Zach Wood, the organizer, says (1):
To many, Derbyshire’s views might not be worth trying to thoroughly understand. To me, they are worth the intellectual investment of interrogating and dismantling principally because that is the only way in which it may ever be conclusively decided upon that his racist views are invalid.

I also think there are a variety of steps a college can take to make a lecture like this useful. It could hold trainings on productive confrontation, counter-programming on the same topic, or even feature the college president to speak for the Academy and repudiate the views of the speaker. I'm not sure which of these is the best option. For some students dealing with racism at Williams, a speaker like this is (at minimum) unhelpful, and possibly harmful. I am not a student that would be harmed, and would want to listen to the student group about the best way to mitigate that.

I also think that I might be wrong. A former professor wrote eloquently on the lack of education value in some statements, and I think he's correct that there's a line where speech becomes harassment and that Williams has no obligation to "support" racist speech, though I'm not sure that providing a venue constitutes true support.

I especially agree with this (2):
Given the unusual circumstances of this case, the lack of prior community consideration of the invitation and the short time frames involved, his choice was reasonable. 
If I was a black student looking to apply to colleges, articles about invited speakers like this one without counterbalance could well give me pause when deciding which colleges deserve my time and energy. I know racism exists; I lived it growing up, and there are better ways to engage it than by inviting speakers like this one.

Its very possible the harm to recruiting made the dis-invitation worth it; I don't know enough to say, and I think the disruption of such a speaker is worth consideration. For me, a one-time invite is worth the one-time disruption, but a weekly "today's racist" series would not be.
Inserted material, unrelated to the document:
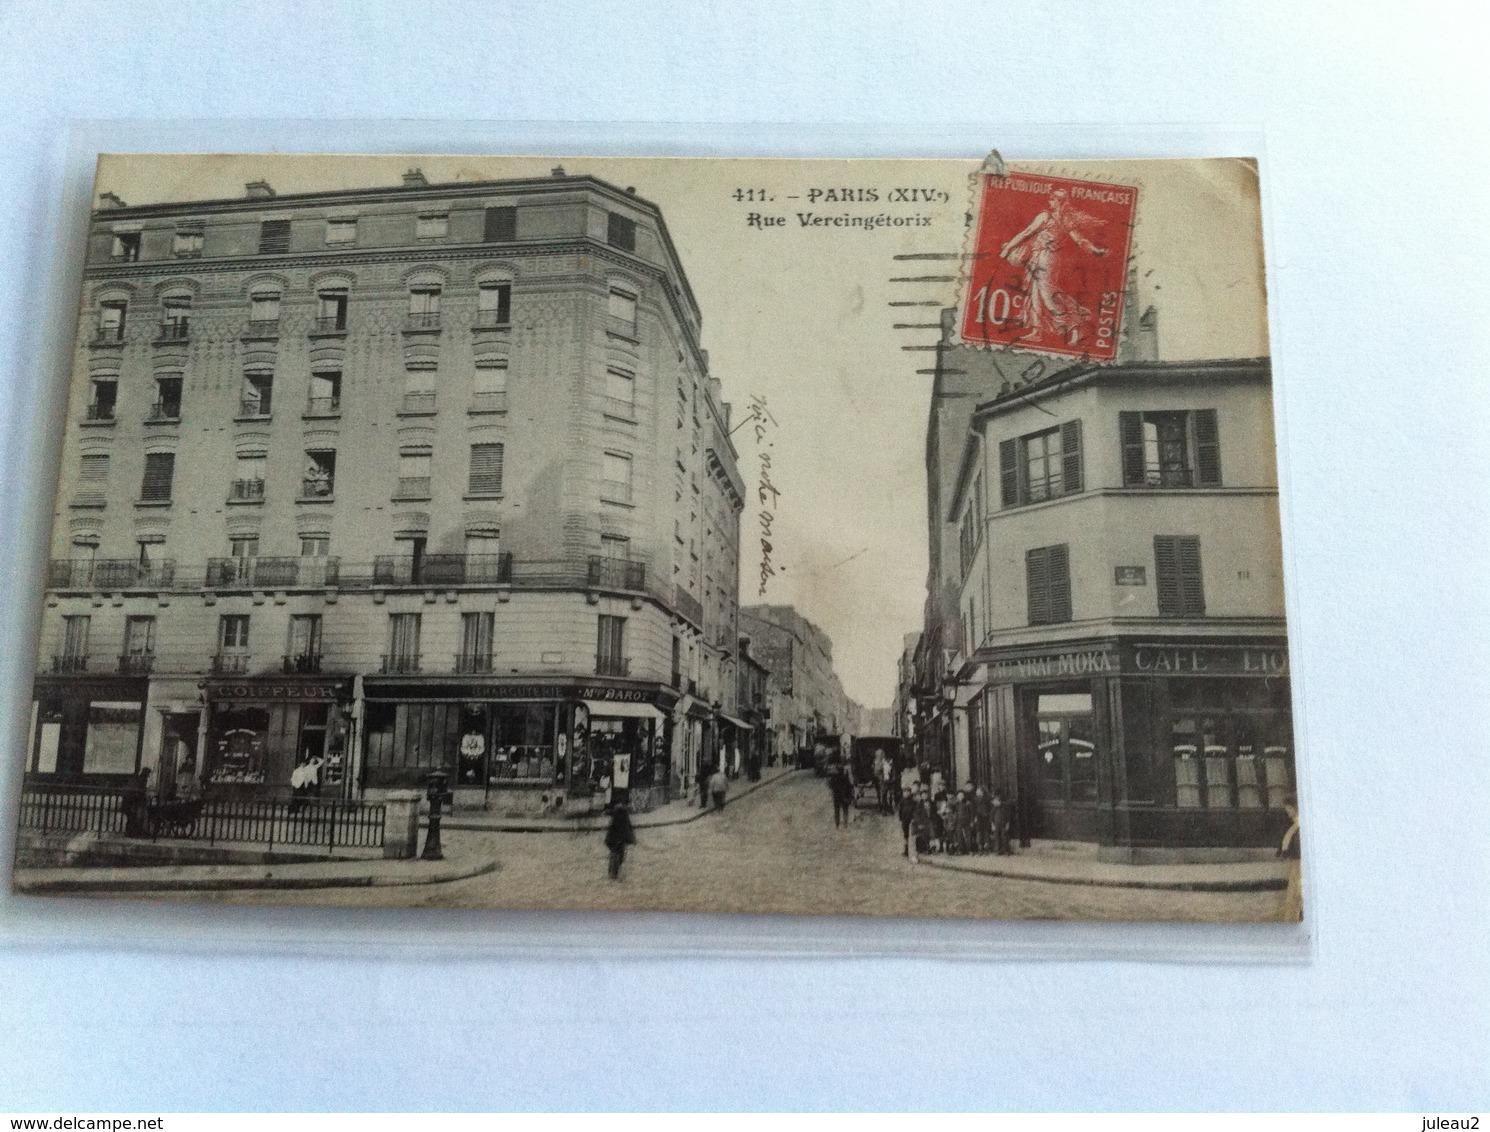 411 - Paris (XIV) Rue Vercingétorix - Arrondissement: 14
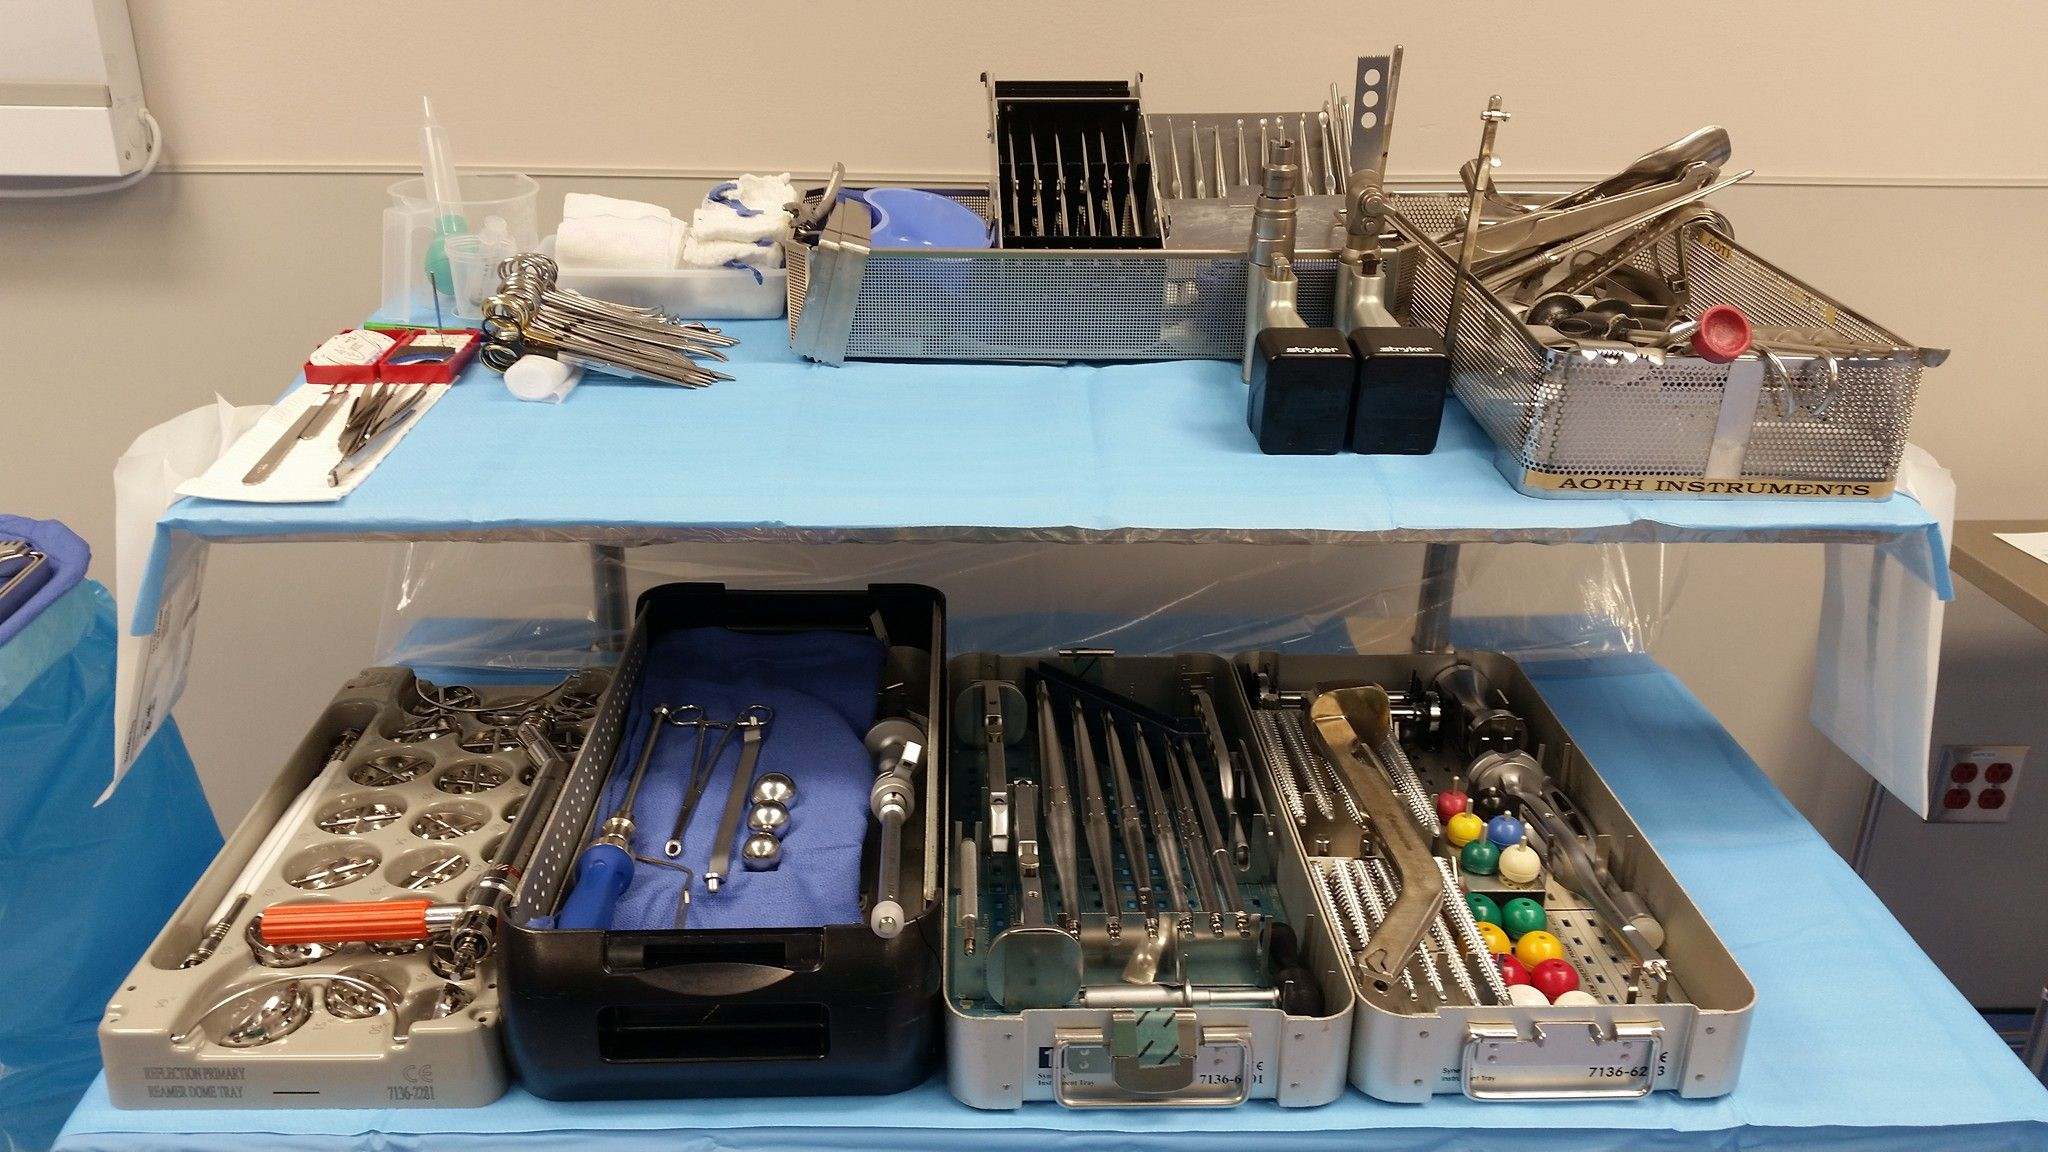 Photos & description of instrumentation used for Total Hip

In general, the trend of censorship demanded by students on campus is a little disturbing, and deserves its own scrutiny (though this came from the college president) (3):
More to the point, the world is not a safe place. It is extremely dangerous, flawed, full of bloodshed and corruption. By sheltering ourselves from its harshness we are doing nothing meaningful to change it. If we are serious about confronting power we must throw ourselves into the danger and hurt that so many people have no choice but to live with. While self-care is necessary to sustain us in the long run, avoiding the darkness entirely is nothing more than a cop out.
Williams doesn't have to support racist speech, but if students seek to engage with it, what better place to be exposed than at a college, with professors and fellow students to help unpack a viewpoint?